* DATASET SECTION *
"""

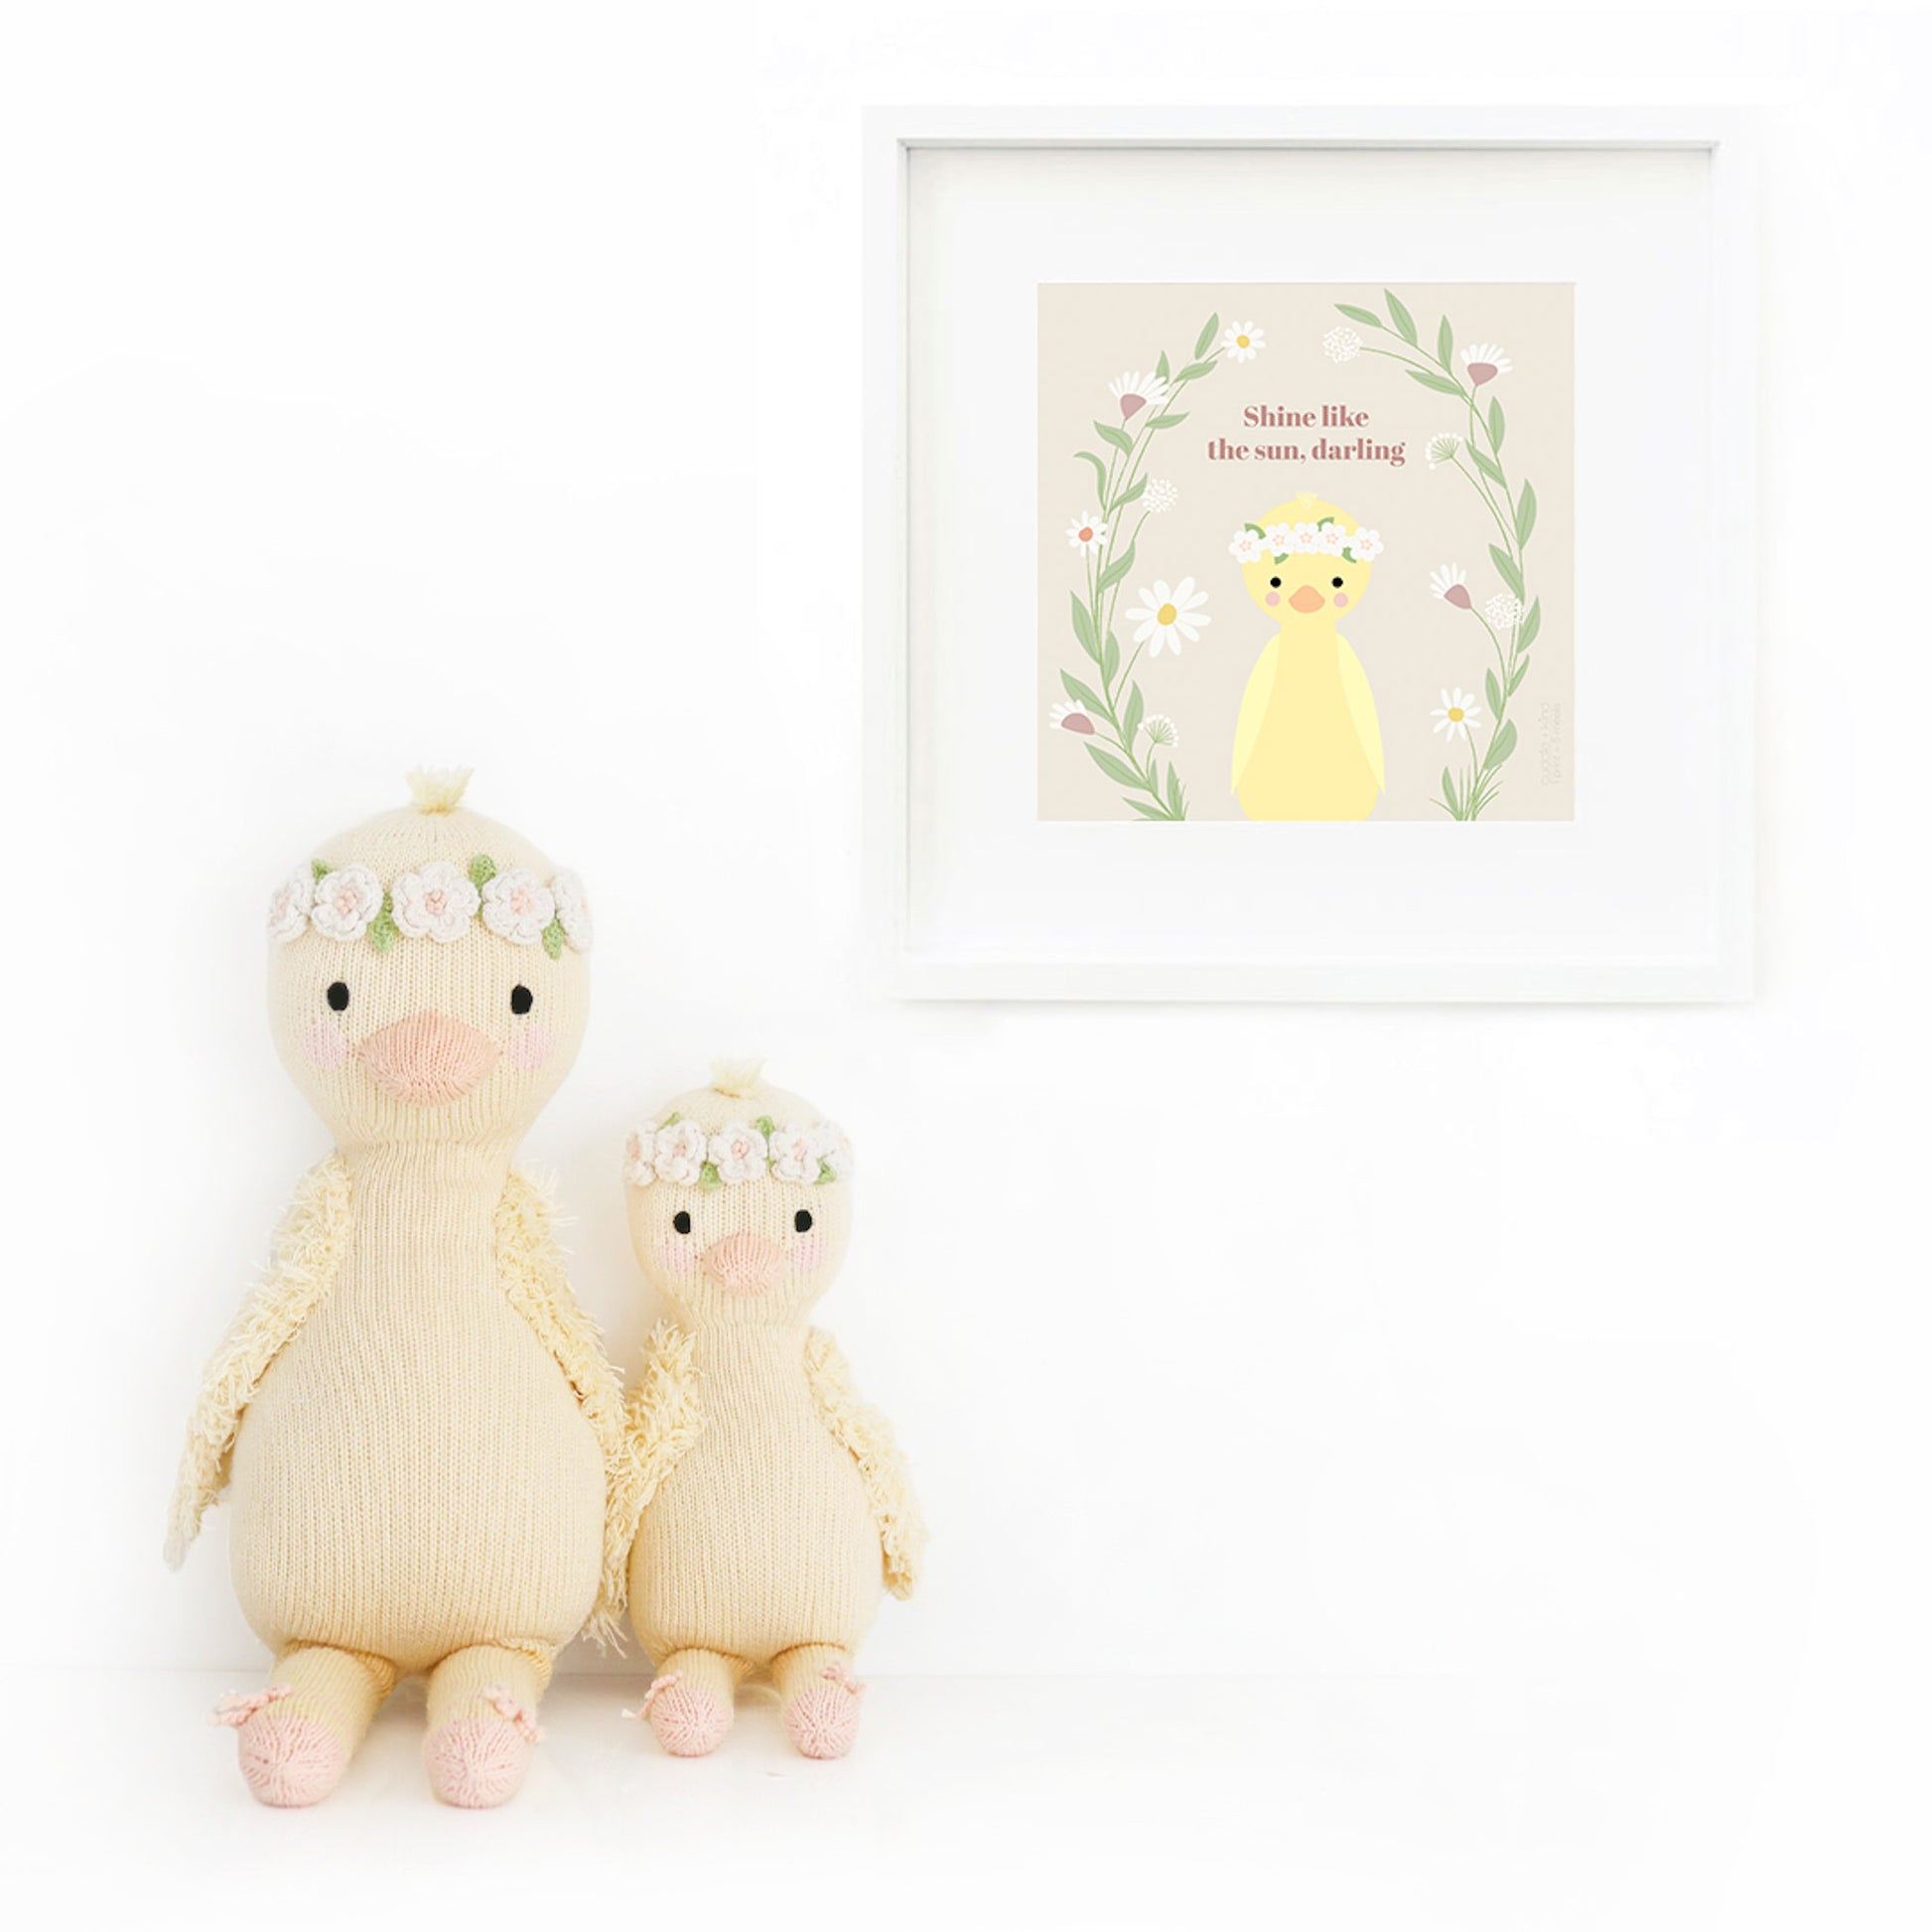 Two Flora the duckling stuffed dolls sitting beside a framed print with a drawing of Flora, with text that says “Shine like the sun, darling.”
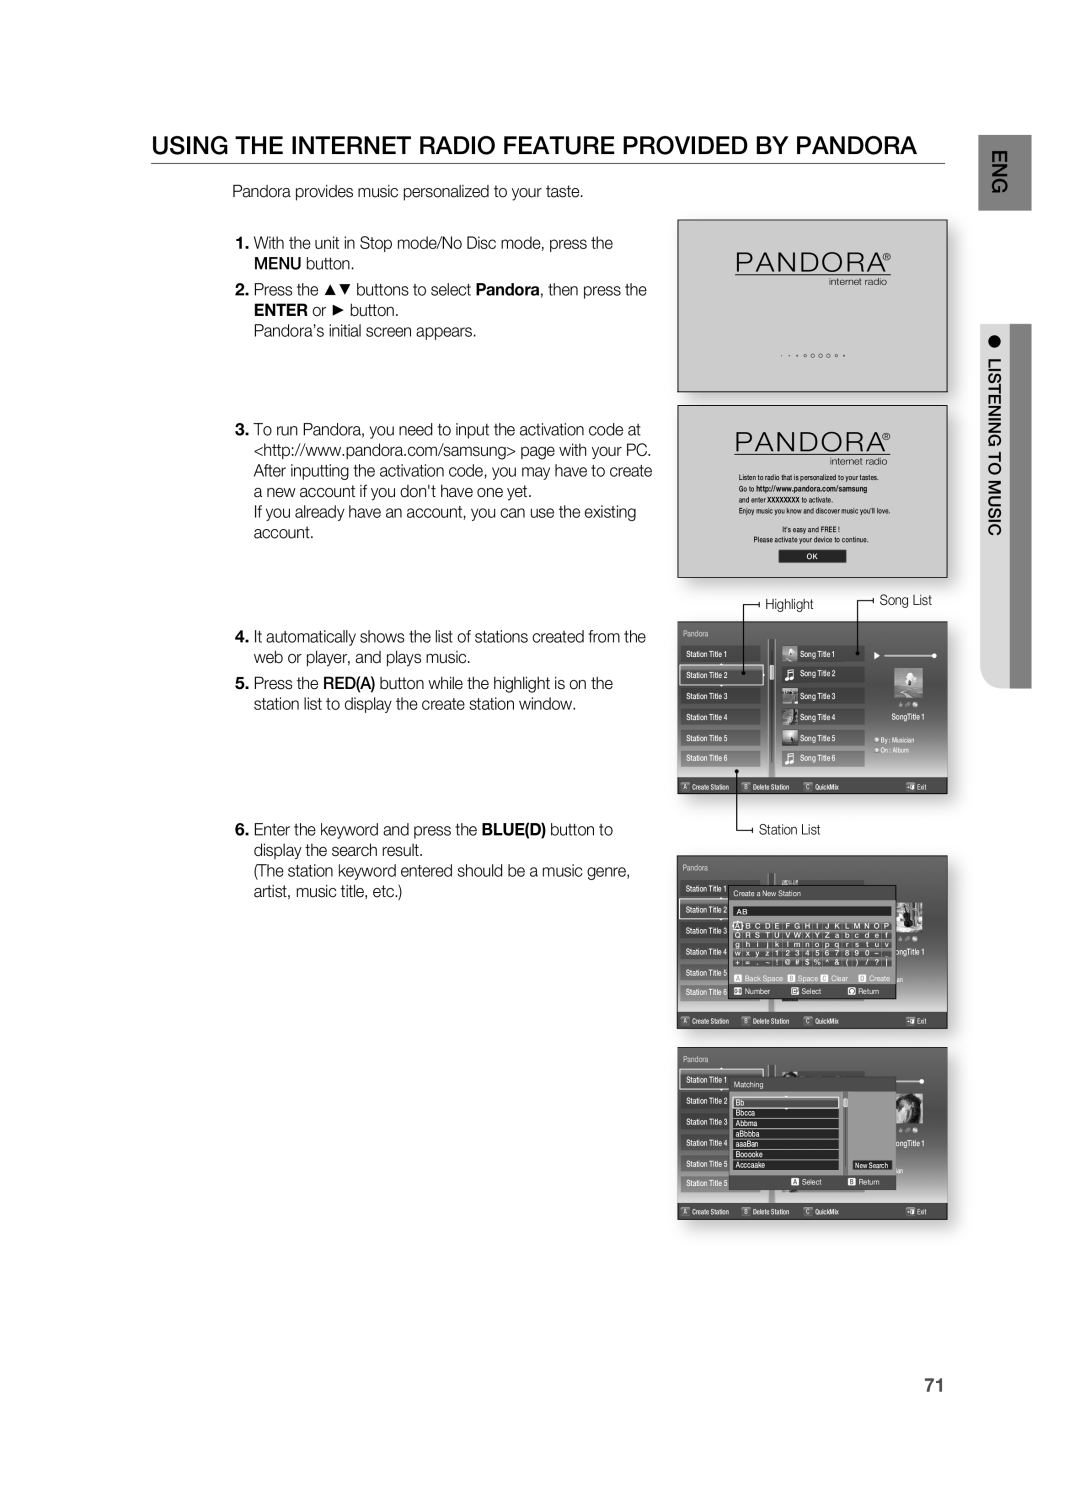 Samsung HT-BD1200 Using The Internet Radio Feature Provided By Pandora, display the search result, Highlight, Station List 
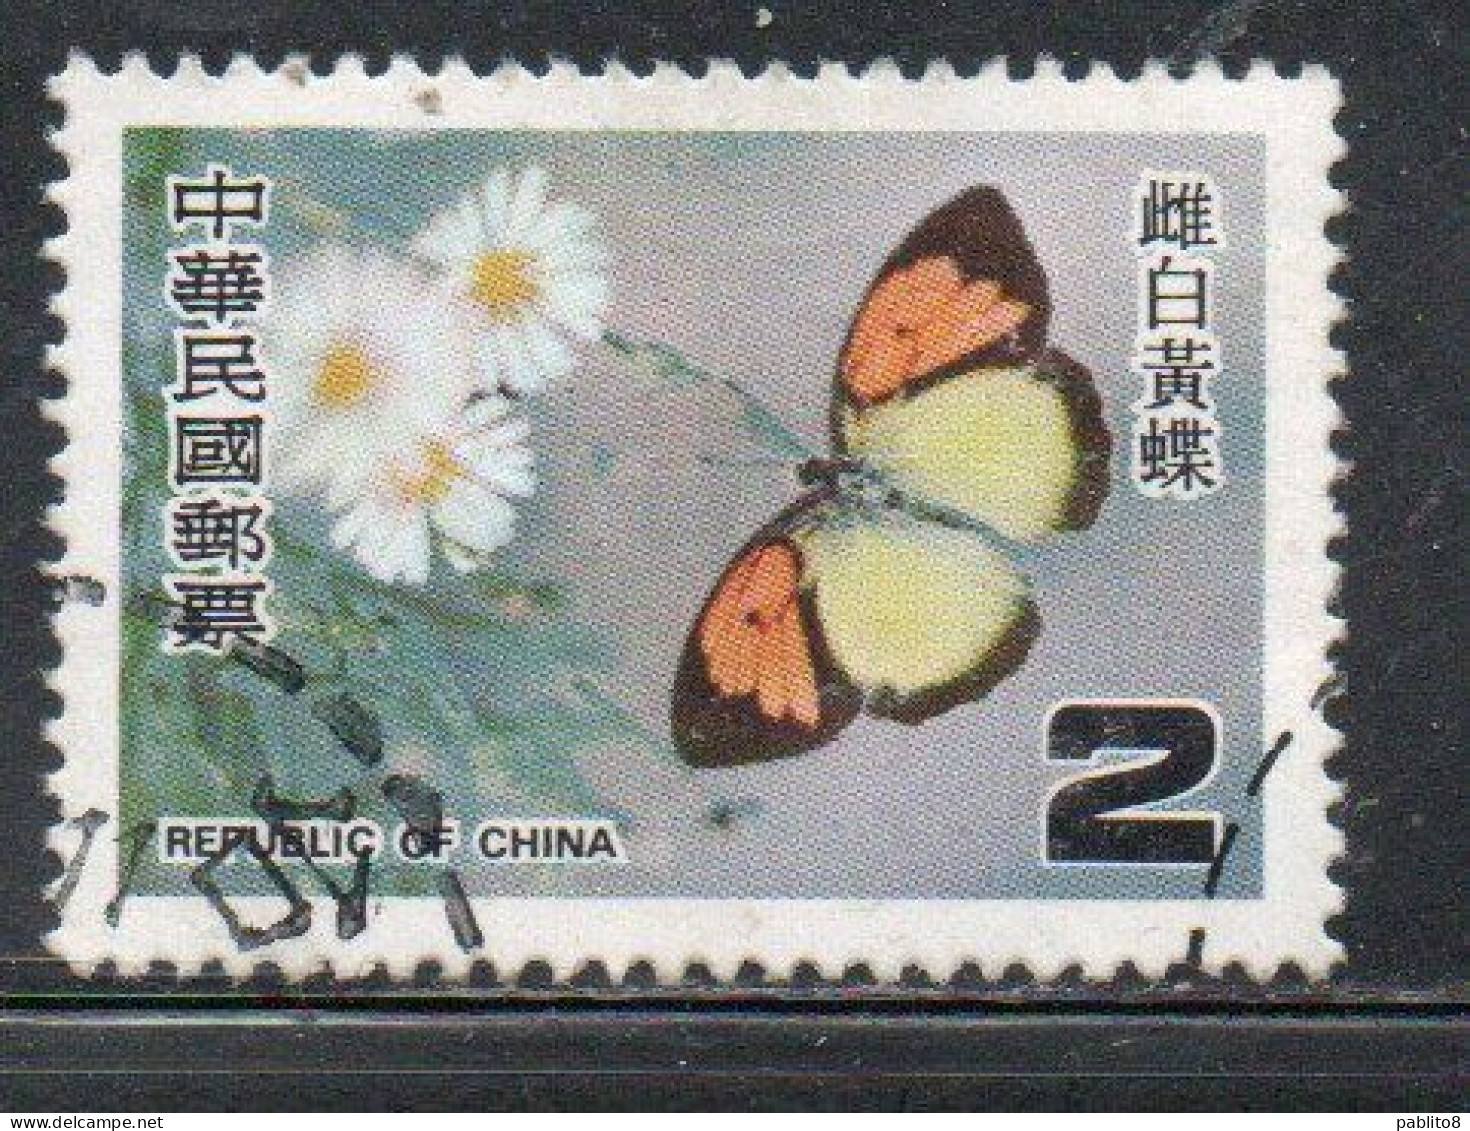 CHINA REPUBLIC CINA TAIWAN FORMOSA 1978 PROTECTED BUTTERFLIES IXIAS PYRENE BUTTERFLY 2$ USED USATO OBLITERE' - Usados

"""

* EXERCISE DIRECTIONS *
Your copy should start at the line with "Samsung HT-BD1200 Using", stop at the last line of the listing above, match exactly, and contain no pictures.

* ANSWER BOX *
 Samsung HT-BD1200 Using The Internet Radio Feature Provided By Pandora, display the search result, Highlight, Station List 
 CHINA REPUBLIC CINA TAIWAN FORMOSA 1978 PROTECTED BUTTERFLIES IXIAS PYRENE BUTTERFLY 2$ USED USATO OBLITERE' - Usados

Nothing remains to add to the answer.